*Disclaimer: This is not intended to make any of my family upset, it’s just what I believe the reason is behind my “Grinch” attitude.
Growing up I never really cared for Christmas. Now as an adult I truly despise the five-ish weeks of Christmas crap until the start of the new year. Want the run down? Good. You’re going to get it anyways.
1) Stop skipping my holiday!!! I LOVE Thanksgiving. Like you have no idea until about two weeks before Halloween I start getting super excited. My birthday is November 5th which coincidentally falls into the same month as Thanksgiving. I think it’s because it’s the official month of Autumn which means all things orange. Multiple hues of orange (my fave color mind you), reds, and yellows. It means a whole day even a weekend of being a total fat ass and eating everything in sight. I take advantage of the only time during the year I can get away with that. That’s my first reason why I despise Christmas is because all the Christmas “cheer” totally oversees my holiday and doesn’t give Thanksgiving it’s rightful allotted time. Ummmmm hello!!! Without Thanksgiving you wouldn’t be in the country of the free. duh.
2) First off I’m technically the only sibling who doesn’t come from my “Dad”. My older 2 siblings are from his previous marriage, my mom brought me in when they got married, and then they had my little brother. Growing up, more often than not, I was the black sheep at family events. I was the only gringa (aka white girl) besides my mom when we were at family functions for that side of the family. My dad was known for treating me differently from my other siblings. (No one will admit to it though.) I would do the same thing they did because I was 7-8 years younger and liked to mimic their actions. Yet, I was always the one in trouble, I was constantly sent to my room, or removed from activities. (Side note: sometimes I did the stupid shit so I could get out of crap I didn’t want to do anyways. If I got in trouble and was sent to my room I could go read for hours on end without looking like I didn’t want to spend time with the family because they irritated the hell out of me. 😉 School was out for the longest time during Christmas break which meant dealing with my family for the longest time. I could tolerate Thanksgiving vacation since it was usually only 4-5 days opposed to 3 weeks. Small doses of family. Small doses.
Plus I hated being forced into those stupid Christmas plays and activities. HATED it. No I can’t sing or act therefore why shove me up there to look like an idiot. H-A-T-E-D it.
4) People are rude. They drive like assholes. Everyone is rude in the stores. There are more break ins, robberies, assaults, etc, than any other time of the year. Suicides go through the roof. Old people die because the whole family finally got together for one last time. Shall I go on?…
5) Enough with the whole “Keep Christ in Christmas” crap. It should be “Happy Holidays” because there are MANY other holidays being celebrated during this “five-ish weeks” Christmas is one specific day for one specific religion. Yall don’t own the season. Get over yourself. We claim to be a melting pot of cultures here in America yet the “Christians” are the ones running the joint. Do as I say not as I do. Huh. Interesting.

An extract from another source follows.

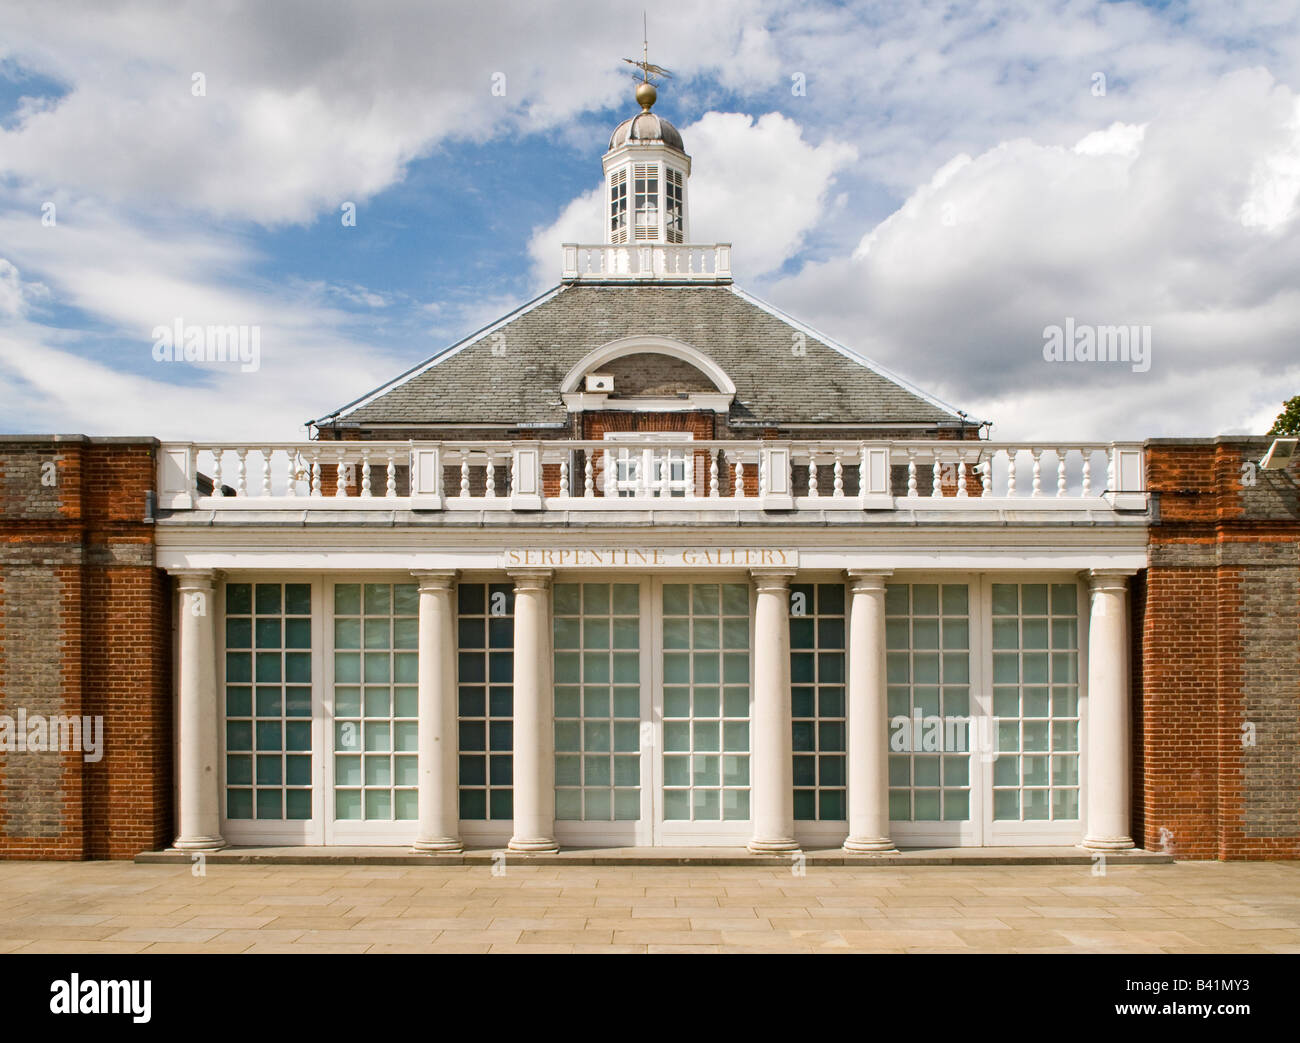 Neo classica Il Grade ii Listed Serpentine Gallery in Kensington Gardens, London, Regno Unito Foto Stock

6) We don’t have kids, we have no reason to decorate and participate in the crap. Leave me alone, I have no desire to put up a tree. Some years I want to, others I don’t. You know how much of a hassle it is to constantly remind your husband to bring the decorations out of the attic? Or try and do it yourself because he is on shift every 3rd day? Nope. We are not putting up lights on the house, we are not decorating a tree, or anything else for that matter. Plus we have three furbabies who have a tendency to swat ornaments off the tree or get too close and their tails wobble the tree. Not worth it.
7) Seems this is the only time when the cars or house want to break down and all of a sudden my “shopping” money is out the window going directly to Murphy’s Law. Screw you Murphy.
8) I think it’s wrong to lie to kids about “Santa”. You lie to your kiddos about Santa for years on end and then all of a sudden “HA! Joke’s on you!” Like in my family, I started to think “What else have you lied to me about?” (Which happened to open up a whole new can of worms.) As far back as I can remember it has irritated me to no end when people lie to me. I’m very into open communication and if you don’t like it then there’s the door. I will not lie to you and I sure as hell do not want you lying to me or my children. I like the idea The Feminist Breeder has when addressing Santa to her kiddos. The lady is onto something there.
Well there’s my rant. I don’t care if you call me a Grinch. It doesn’t bother me, I’ve got some tough skin. BUT DO NOT shove the shit down my throat when you know I can’t stand it. Go on about your merry little ways but please refrain from telling me about how I should do this or that during the Christmas season. No thanks. I’d rather not.